> **The task**
Excluding any images, copy all of the lines below precisely as written.

> **Data shown**
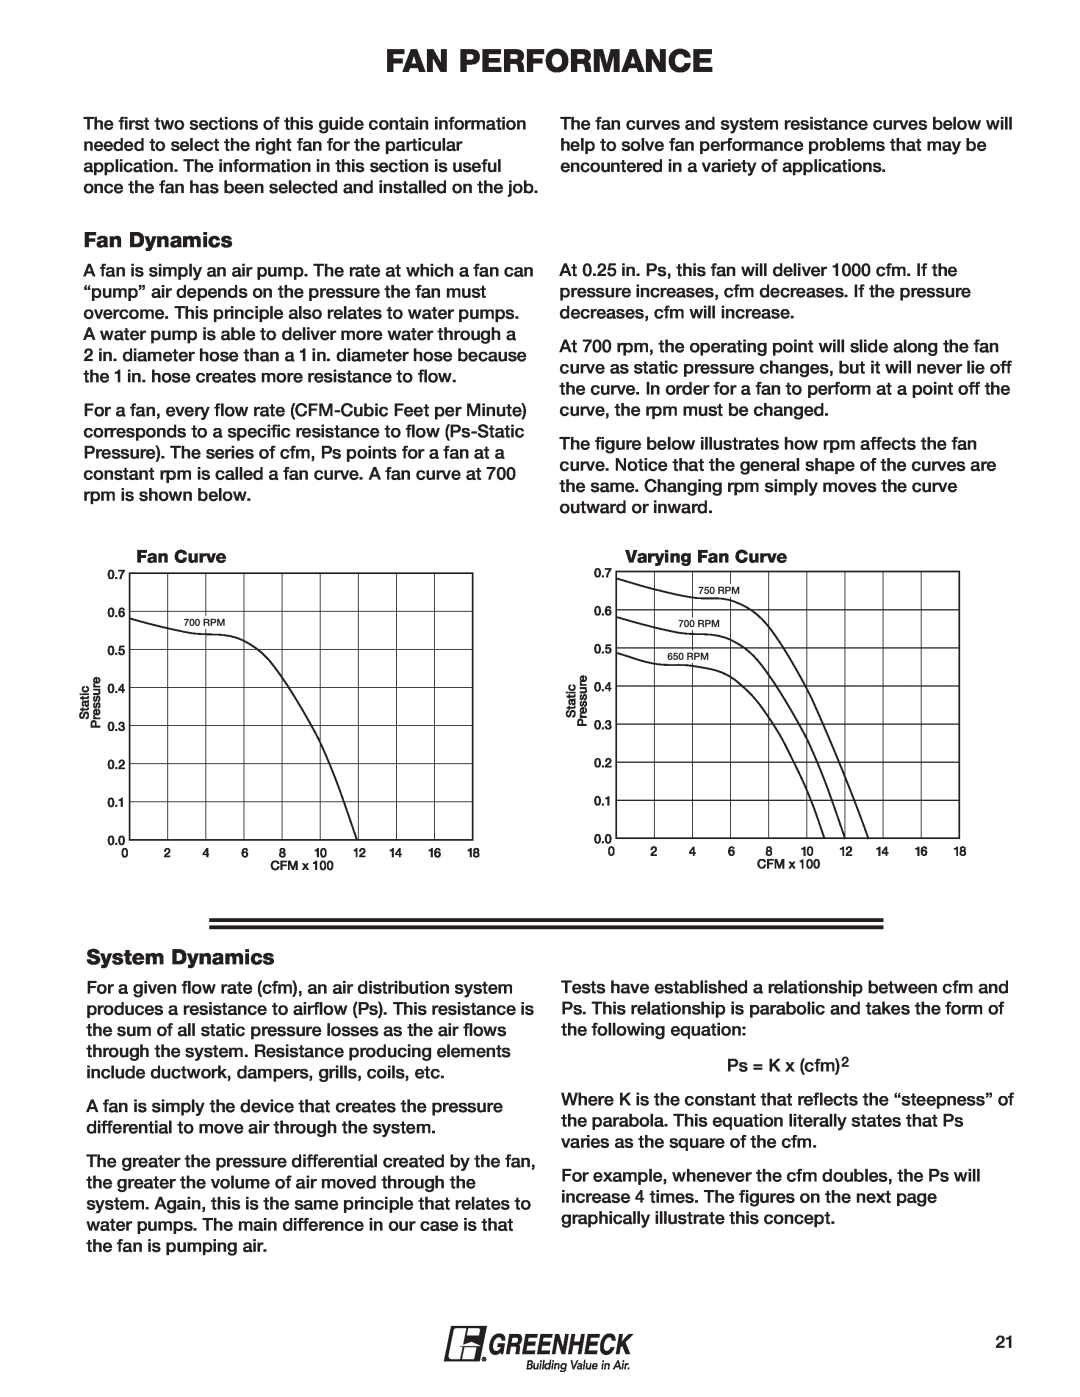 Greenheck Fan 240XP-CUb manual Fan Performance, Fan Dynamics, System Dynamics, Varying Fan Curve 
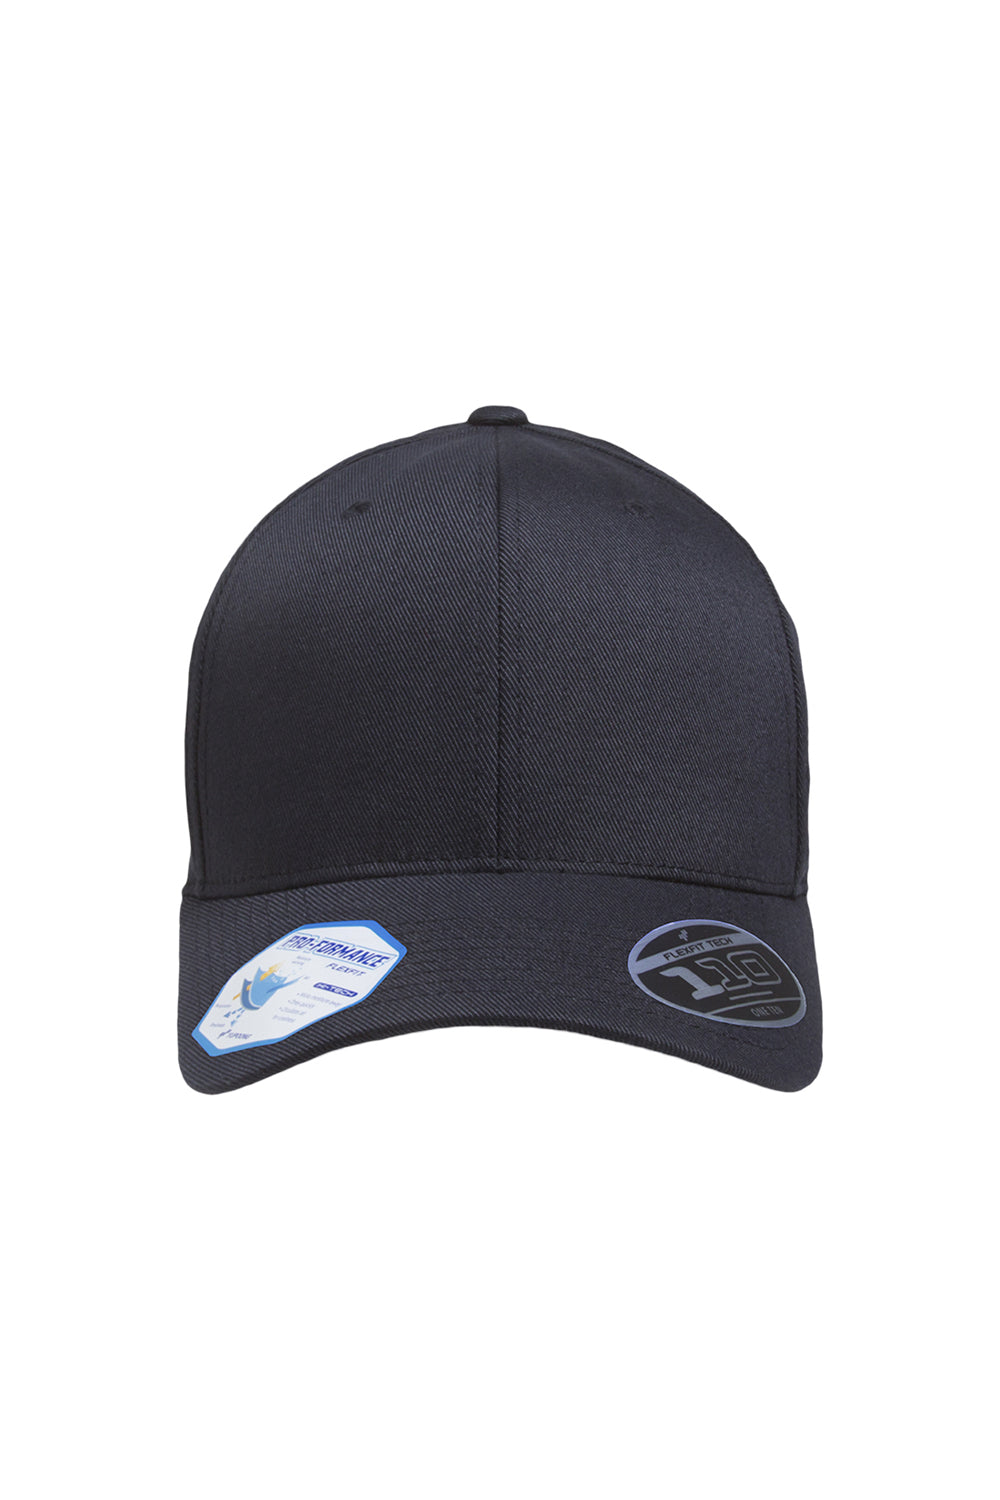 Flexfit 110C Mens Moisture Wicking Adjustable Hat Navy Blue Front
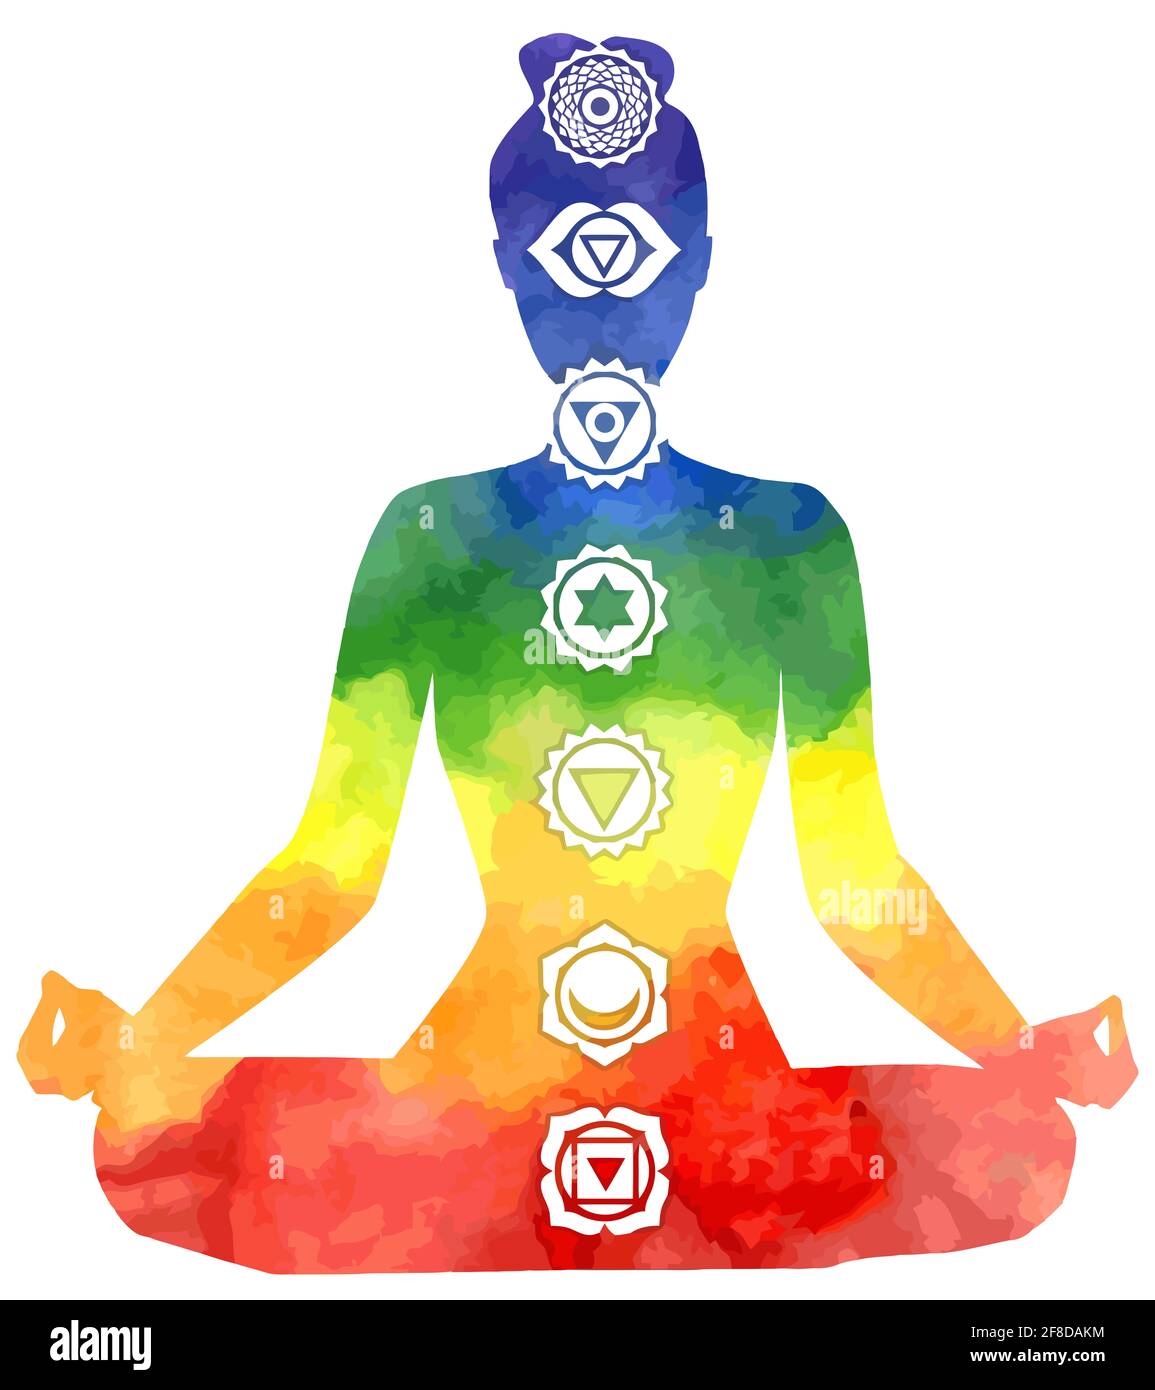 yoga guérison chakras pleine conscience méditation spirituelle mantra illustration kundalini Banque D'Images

> **Finished exercise**
 Greenheck Fan 240XP-CUb manual Fan Performance, Fan Dynamics, System Dynamics, Varying Fan Curve 
 Flexfit 110C Mens Moisture Wicking Adjustable Hat Navy Blue Front
 yoga guérison chakras pleine conscience méditation spirituelle mantra illustration kundalini Banque D'Images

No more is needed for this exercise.